Around him, people were staring.
"Apologies for the disturbance," Sael said to no one in particular. "I needed to locate something."
He started walking toward the mine entrance.
Captain Dernwell appeared at his side within seconds, slightly out of breath as if he'd jogged over. "Sir? What was that spell? And did you... did you find what you were looking for?"
"Yes."
"And what were you looking for, if I may ask?"
"The source of the Corruption."
The captain's expression went through several complicated transitions before settling on something resembling dread. "You found it? You can close it?"
"That's the intention."
They reached the mine entrance. Sael didn't slow down. The captain followed, and after a moment's hesitation, so did several of the soldiers who'd been standing guard. Sael didn't tell them not to. If they wanted to follow him into the depths to watch him seal a tear in reality, that was their choice.
The tunnel system was extensive. Sael navigated it with certainty as he'd already mapped every inch through magical means, turning left where the tunnel branched, continuing straight where another passage split off, descending deeper with each intersection.
They passed the chamber where he'd killed the three mages. The bodies were gone—moved by the soldiers during their sweep—but the bloodstains remained, dark patches on ancient stone that no one had bothered to clean yet.
The tunnel narrowed past that point. The ceiling dropped lower. The walls showed signs of older excavation work.

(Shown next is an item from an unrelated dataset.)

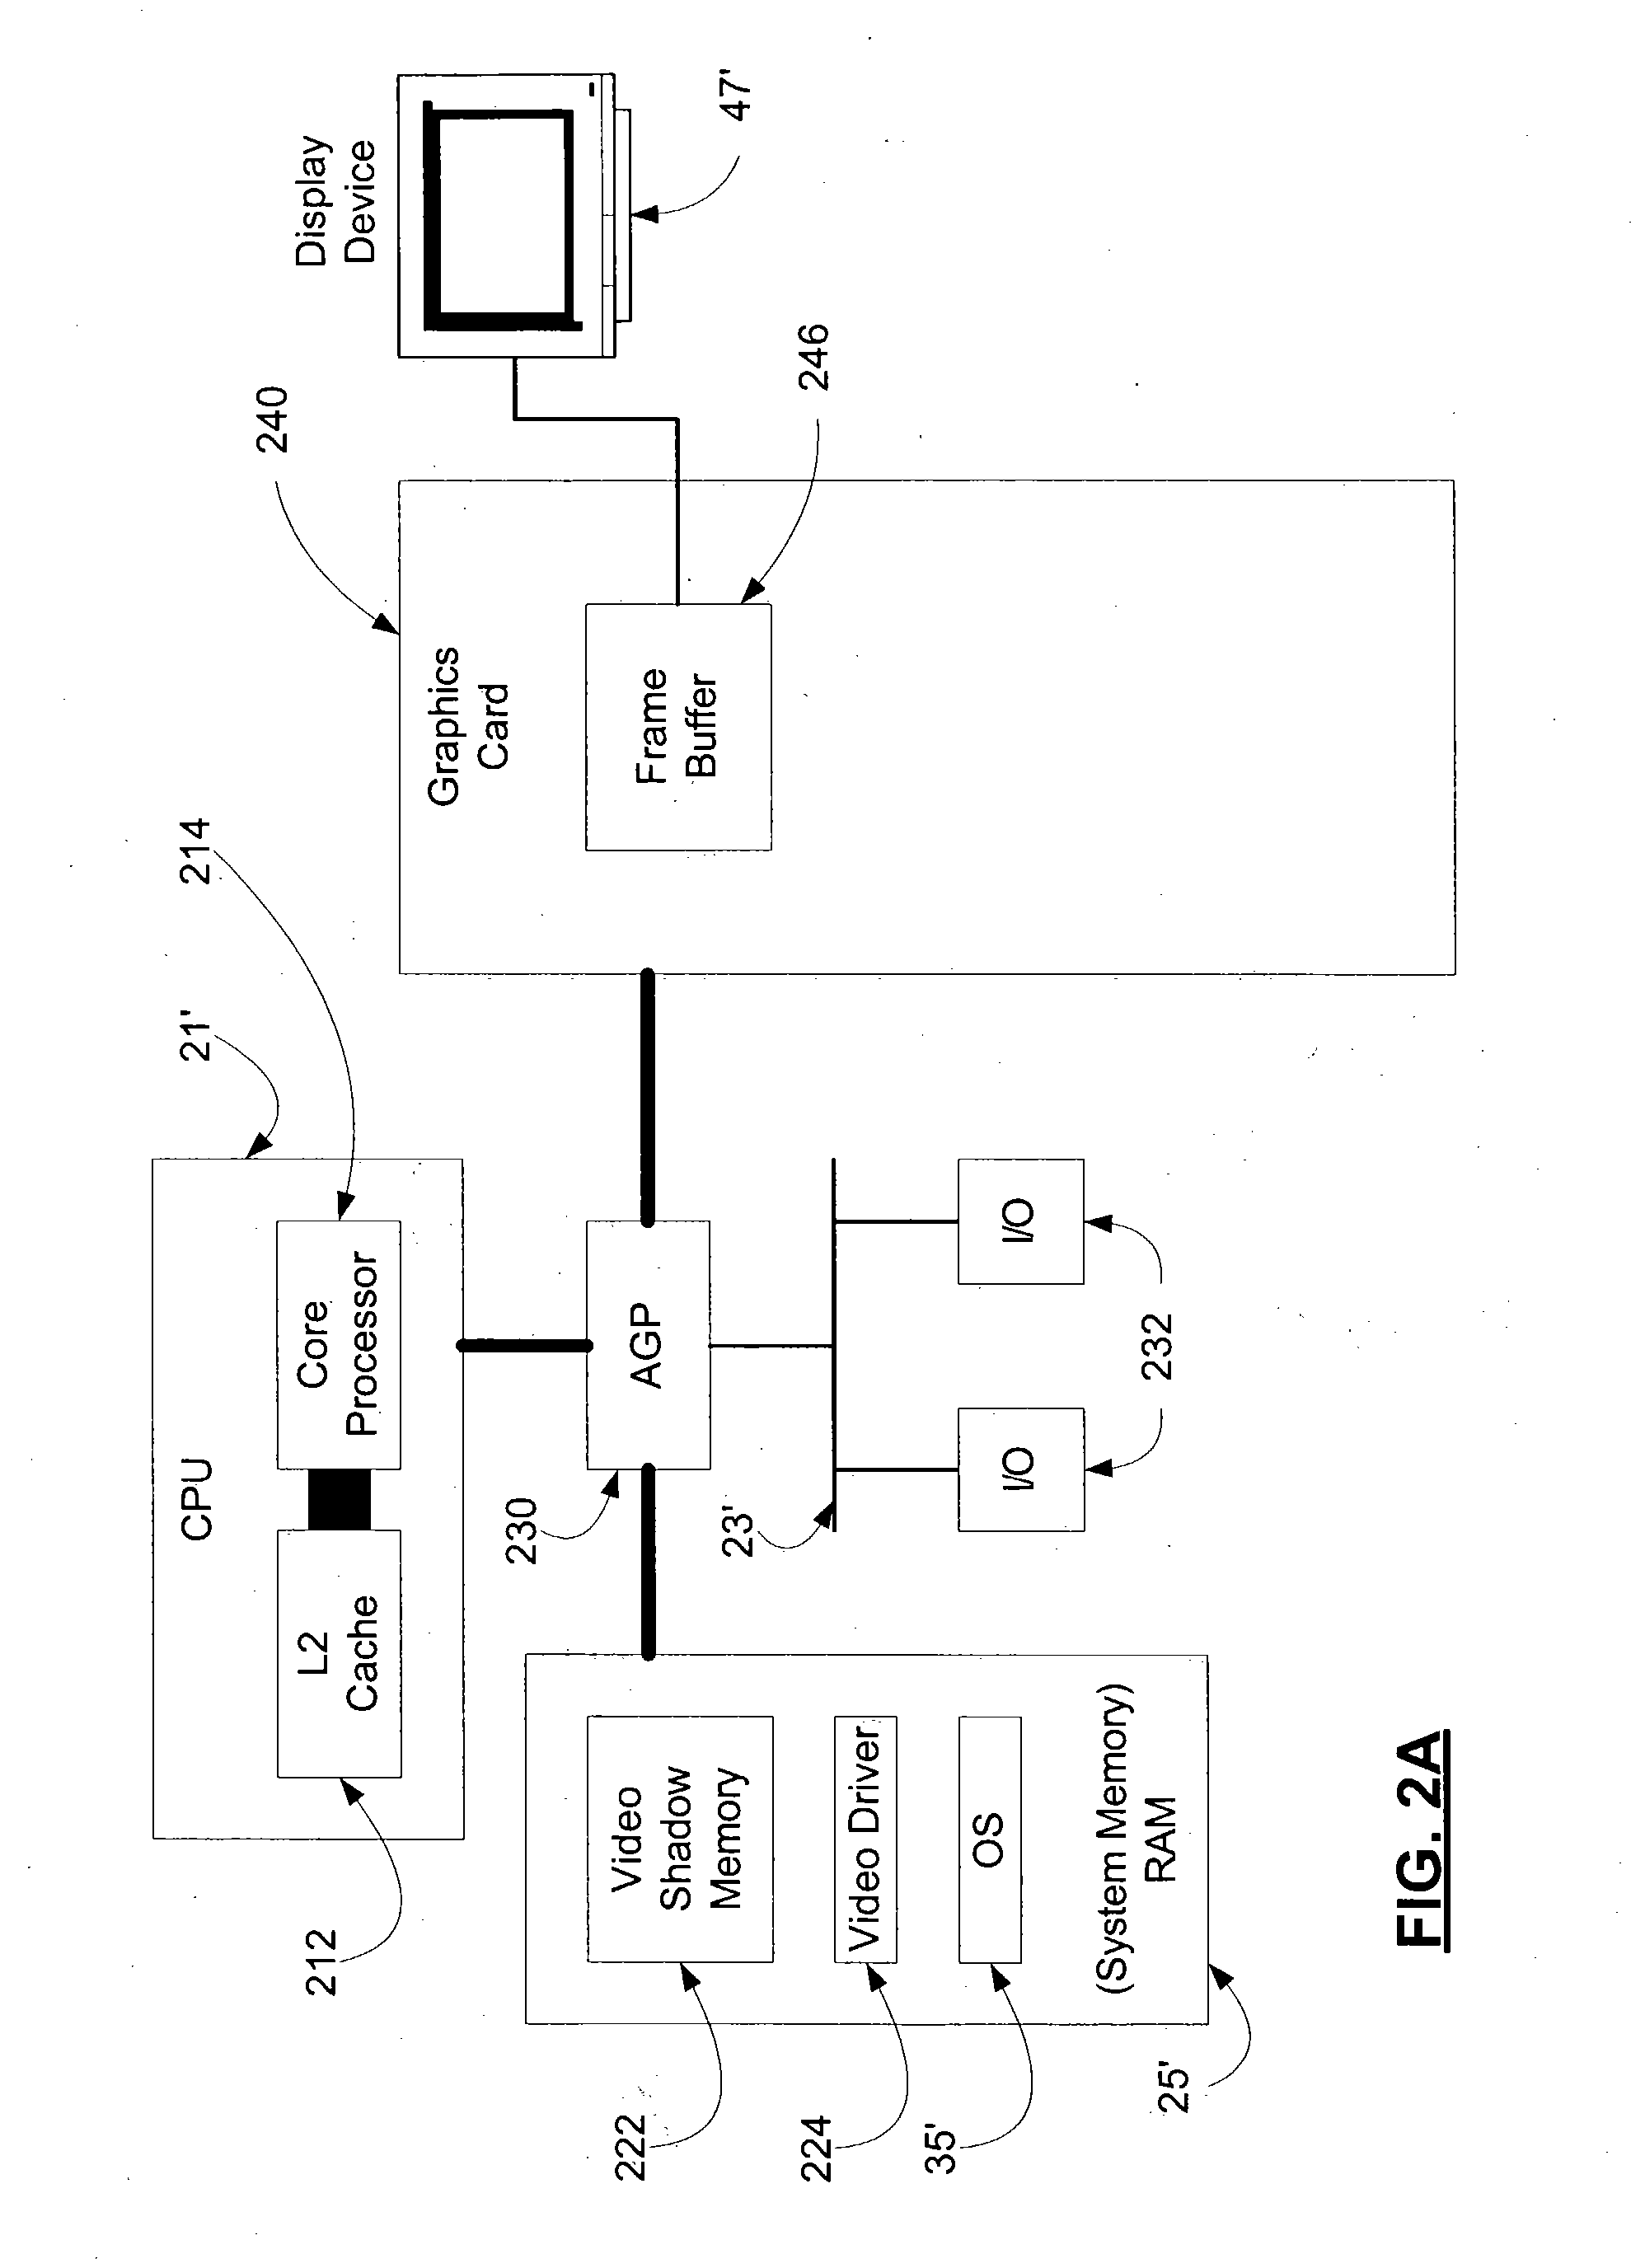 Systems and methods for updating a frame buffer based on arbitrary graphics calls

Sael had to duck to avoid hitting his head on a support beam. The captain and the soldiers following him muttered complaints about the tight space, but no one turned back.
The wrongness grew stronger as they descended. Not Corruption, not exactly, but the presence of something that shouldn't be here. A hole in the world. The air itself felt heavier, charged with energy that made the hair on Sael's arms stand up.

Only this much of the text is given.